(THE TASK) The material below holds pictures; leave them out and reproduce exactly the lines from the one with "A boot about" through the one with "Vogel's TVS 3690", inclusive.

(LISTED RECORDS)
━━━━━━━━━━━━━━━━━━━━━━━━━━━━━━
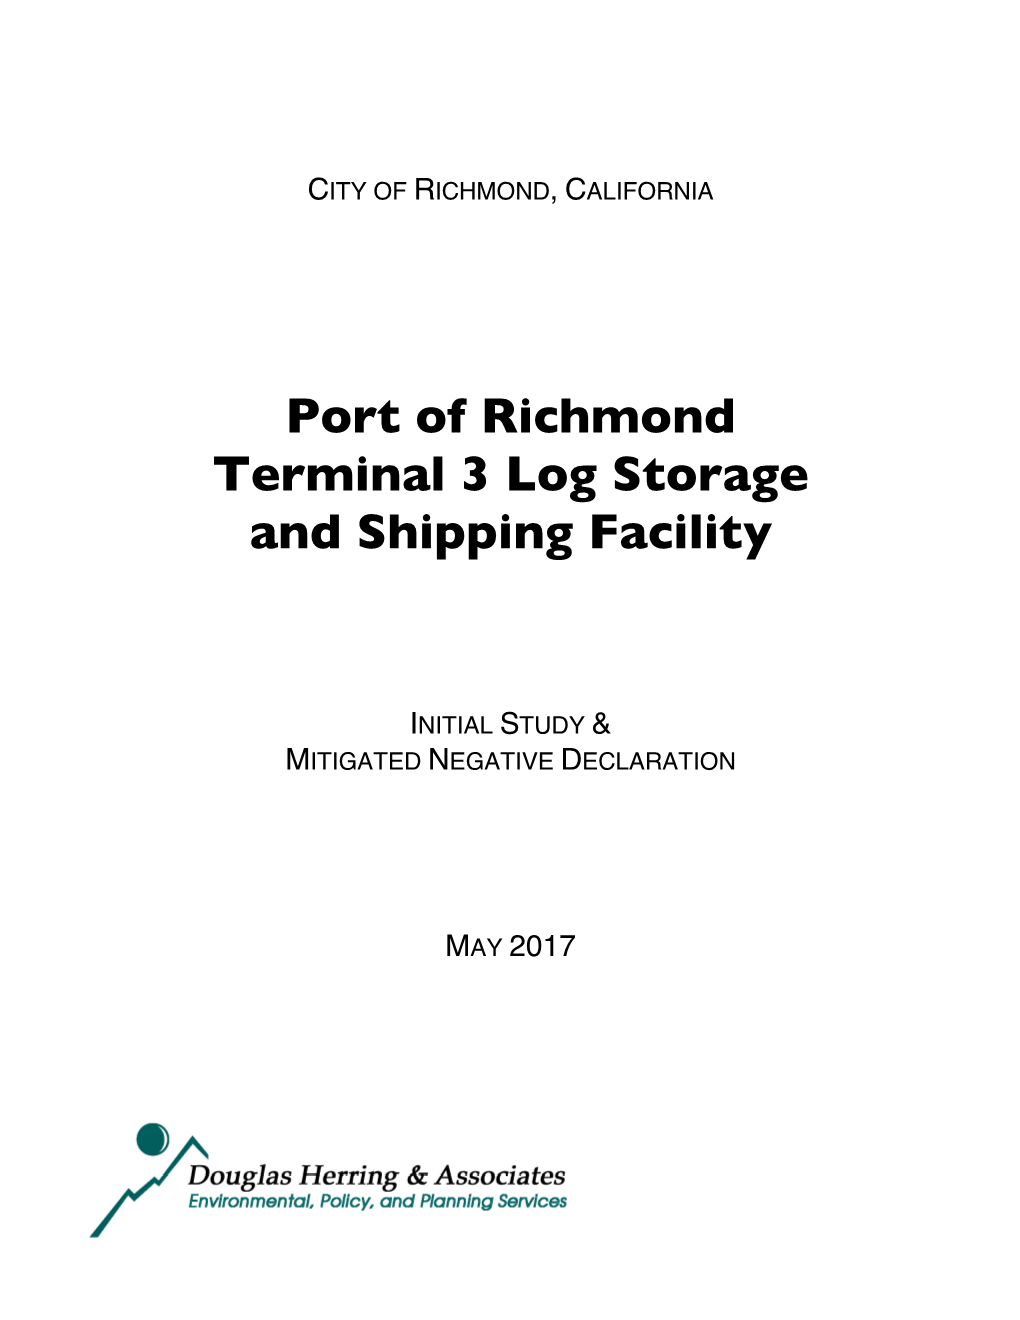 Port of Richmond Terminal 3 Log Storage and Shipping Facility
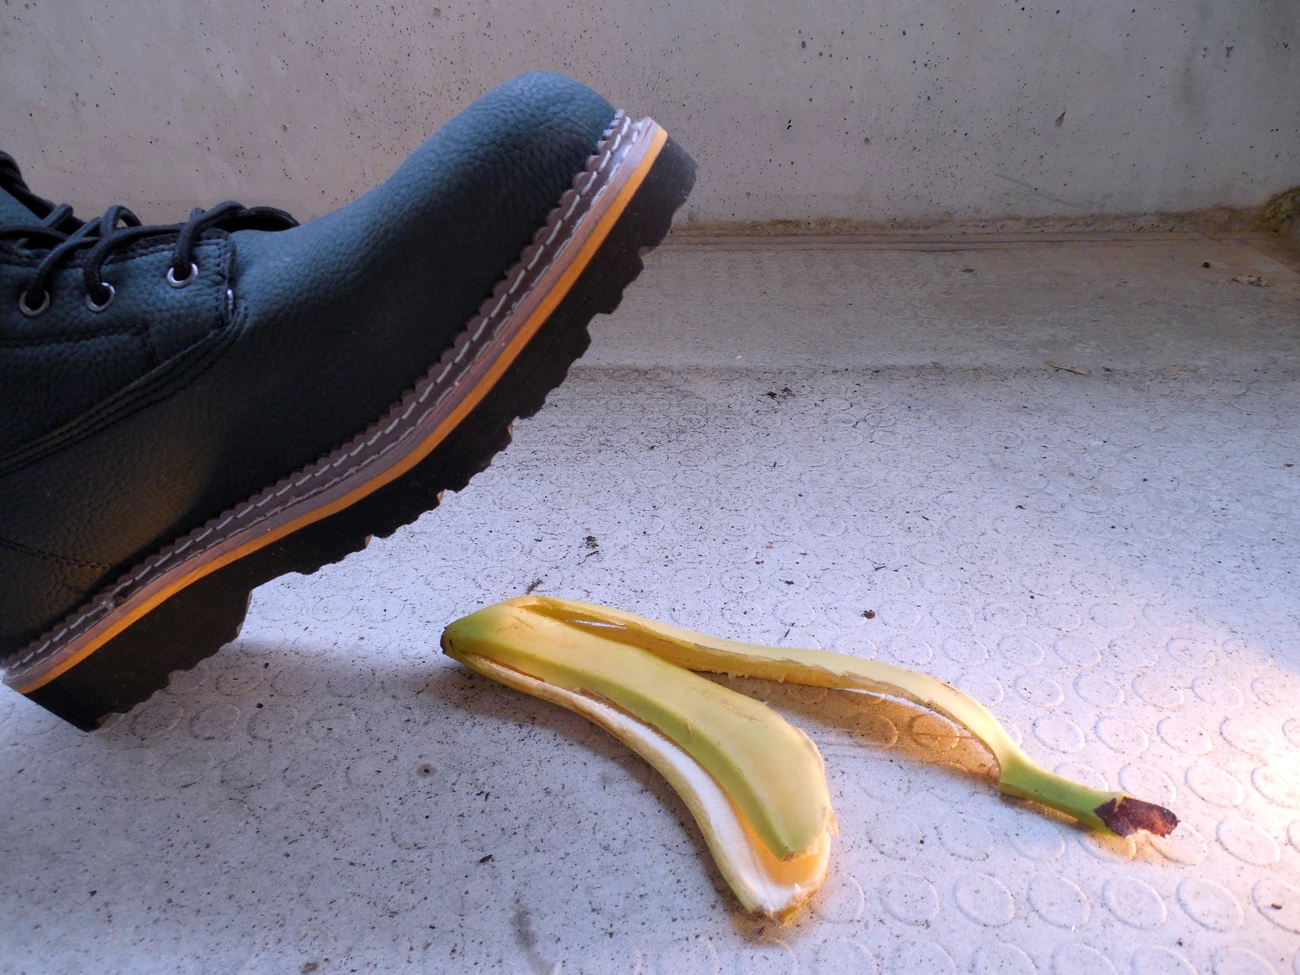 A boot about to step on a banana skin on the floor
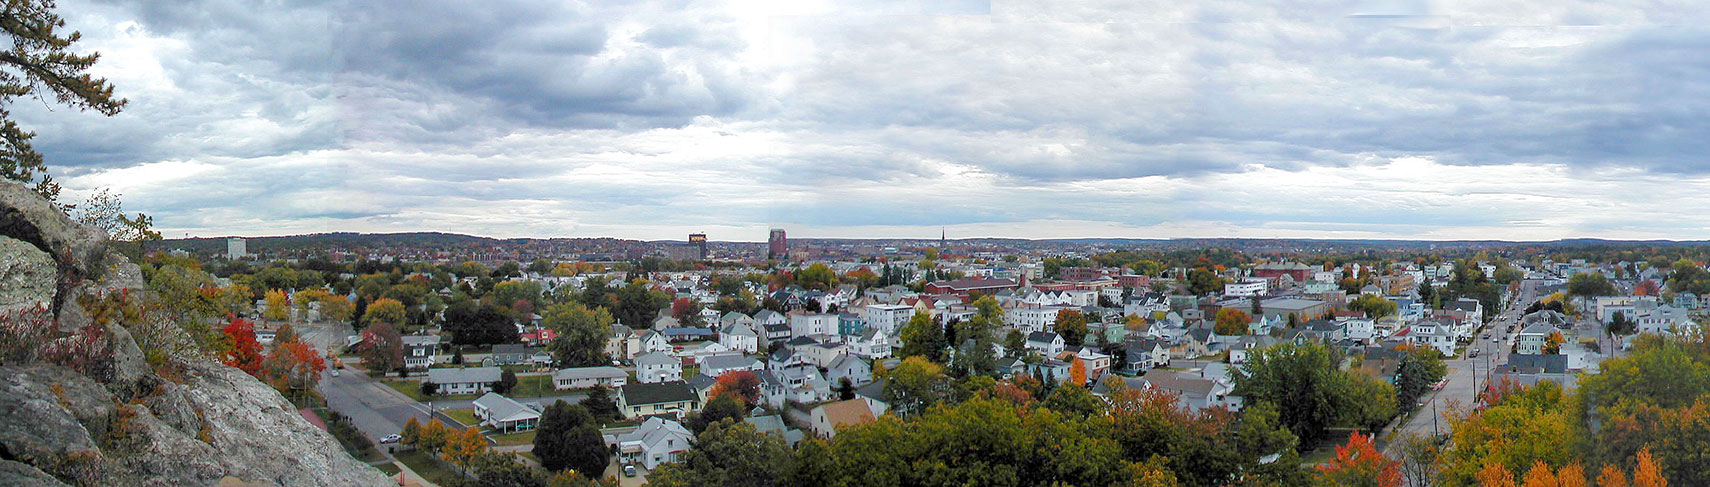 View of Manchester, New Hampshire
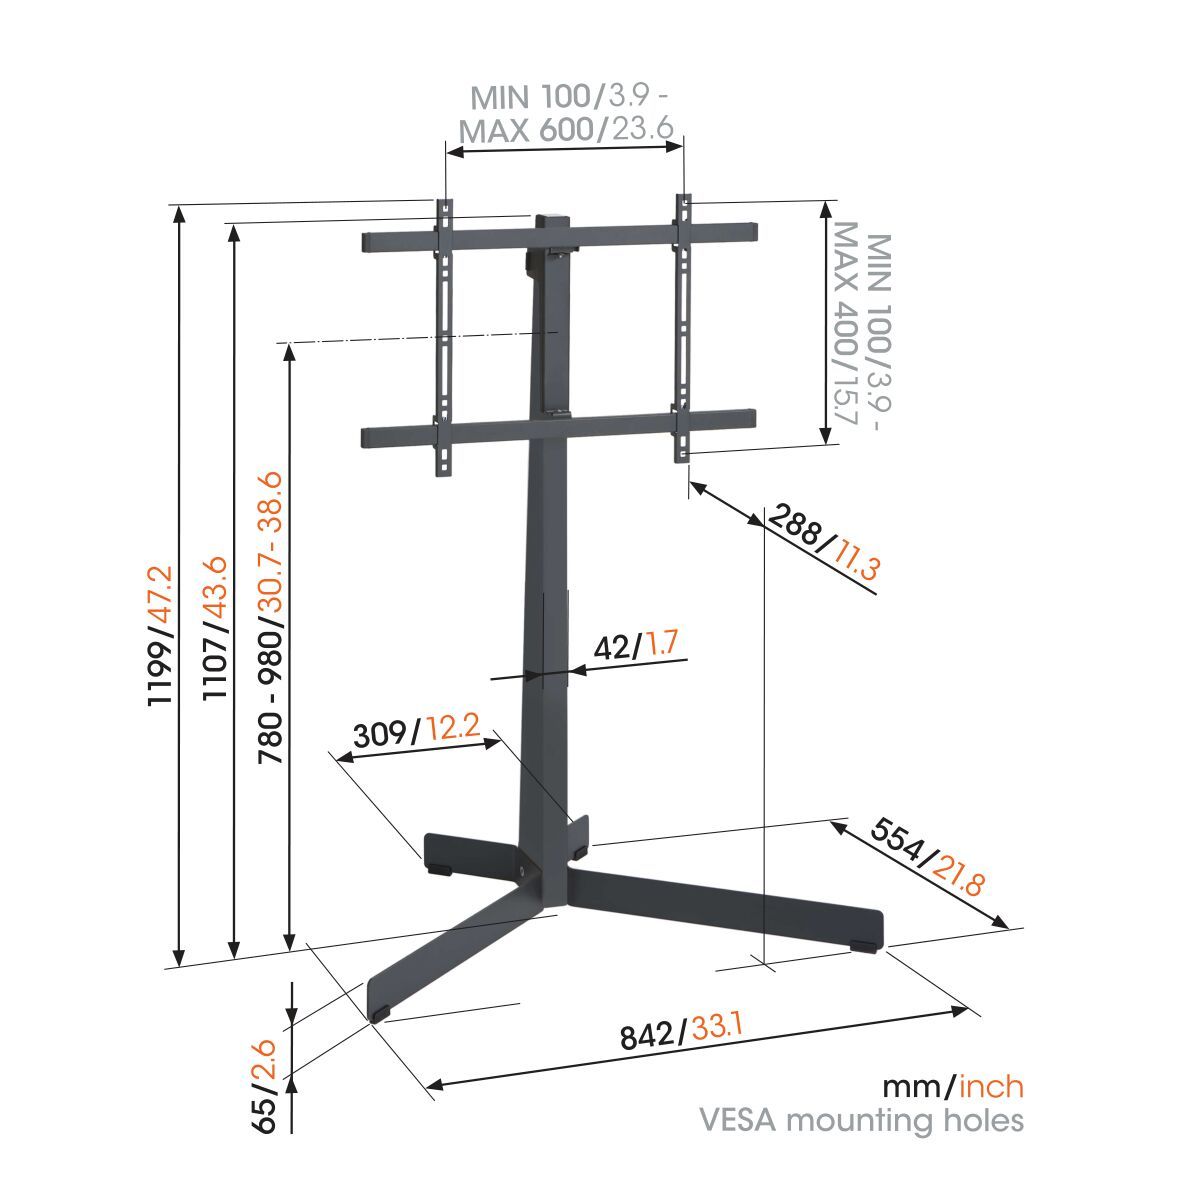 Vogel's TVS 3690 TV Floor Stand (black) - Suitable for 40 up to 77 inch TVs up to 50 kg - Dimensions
━━━━━━━━━━━━━━━━━━━━━━━━━━━━━━
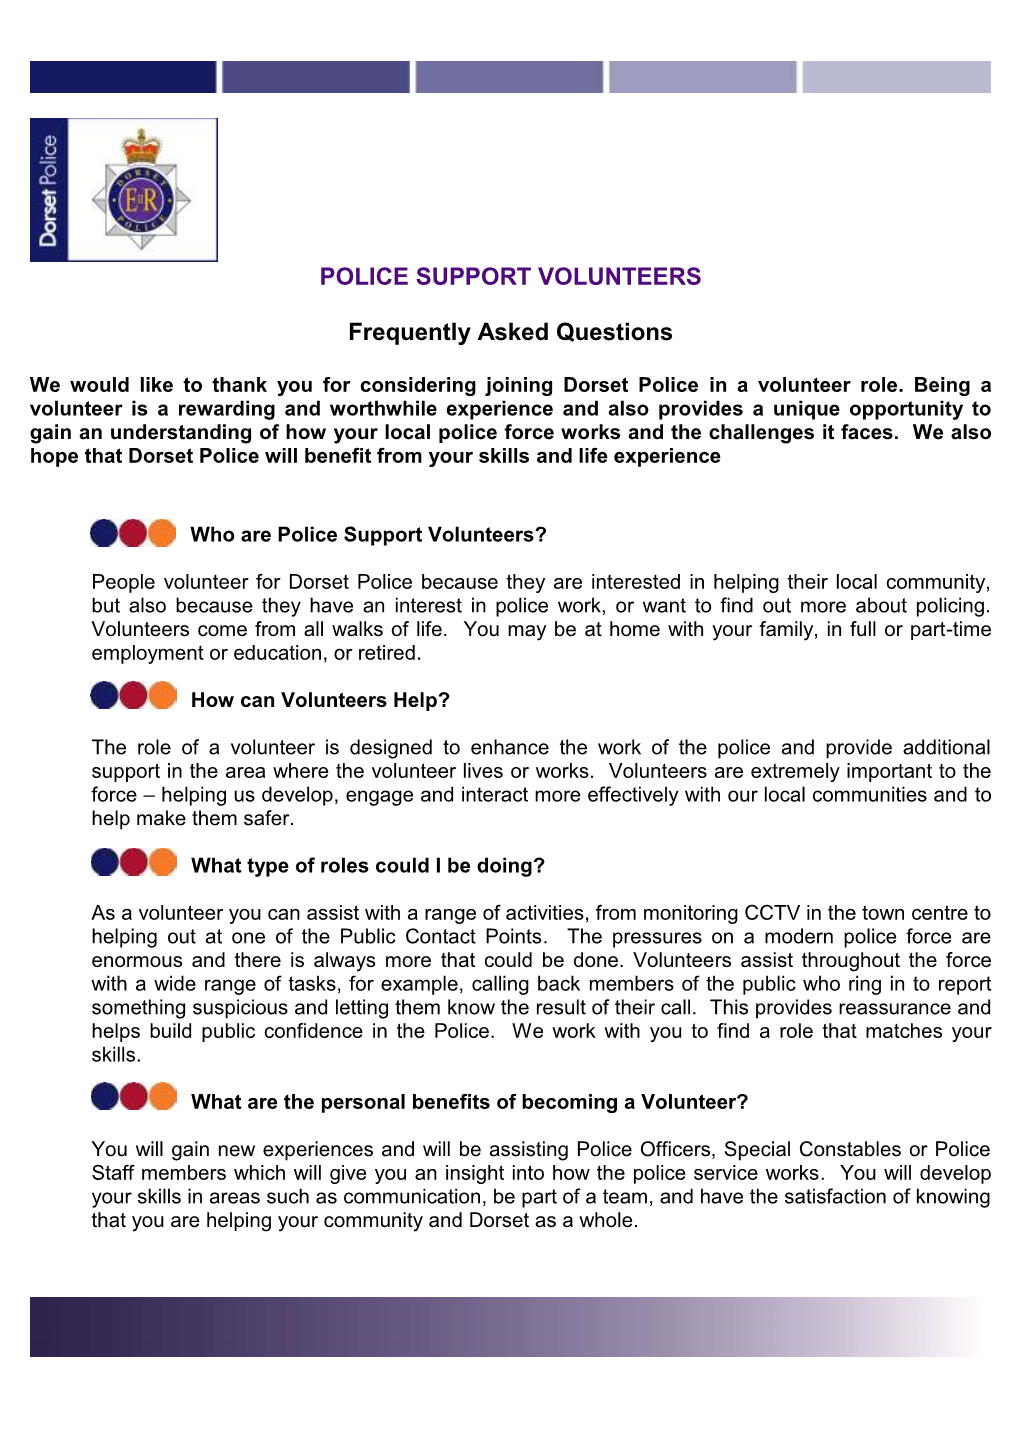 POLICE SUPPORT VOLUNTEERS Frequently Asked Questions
━━━━━━━━━━━━━━━━━━━━━━━━━━━━━━
(ANSWER FOR THIS EXERCISE)
 A boot about to step on a banana skin on the floor
 View of Manchester, New Hampshire
 Vogel's TVS 3690 TV Floor Stand (black) - Suitable for 40 up to 77 inch TVs up to 50 kg - Dimensions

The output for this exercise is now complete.